Improve backend resolution logic
Requested feature
Document conversion currently contains a logic for "guessing" / resolving the backend to use for a given input (ref).
This logic has some limitations, e.g. when working with streams, it relies on the first 8KB to detect the backend to use — which may or may not be enough for a correct detection (e.g. deciding info could only appear at the end of a 10KB stream).
Consider ways to remove these limitations.
One possible high-level approach to examine could be to:
- remove the current layer of "guessing" a backend a priori and then committing to that guess, and
- instead, keep for each format, e.g. XML, a list of backends to try one after another, until one successfully parses (can have a default list, parametrizable by the user).
It turns out also the filetype library is loading only 8K bytes ref, so this happens also in file inputs.
As discovered in #542, some MS Office XML archives have the meta file [Content_Types].xml at the end, which is not captured by the 8K bytes signature.
One way of improving the logic could be:
- Detect if the file is a zip archive (here
filetypeshould work) - List all the files in there and check if
[Content_Types].xmlis present - In case, read it and infer the proper file type from it. Since zip archives allow random access, this could be more efficient than reading the whole file.

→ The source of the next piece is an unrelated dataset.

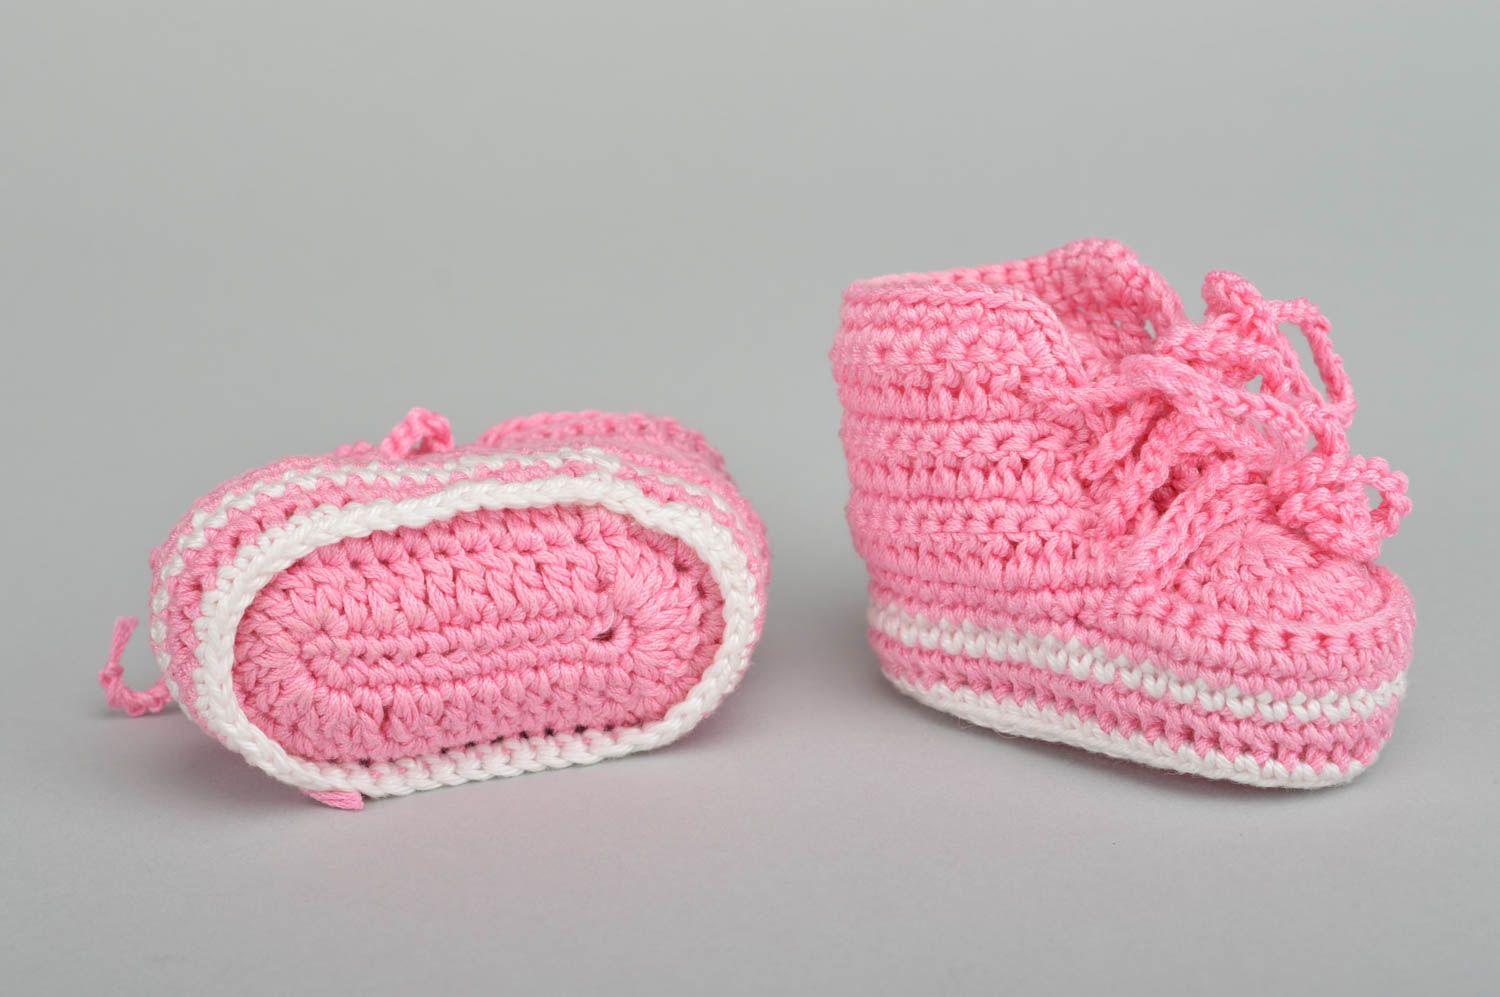 Beautiful handmade baby bootees warm crochet baby booties fashion accessories photo 3

Another sample of a word document not detected as such is seen in issue https://github.com/DS4SD/docling/issues/476.
I'm seeing this issue for pptx files where [Content_Types].xml is present at the top, for example, this slide deck, which I've ran zipinfo on to display that [Content_Types].xml does indeed sit at the top as expected, but I've truncated the rest of the zipinfo output to clean this post up. Below that is [Content_Types].xml for the file, and I've also included a [Content_Types].xml of a similar pptx file that does process properly. Happy to help test any fixes.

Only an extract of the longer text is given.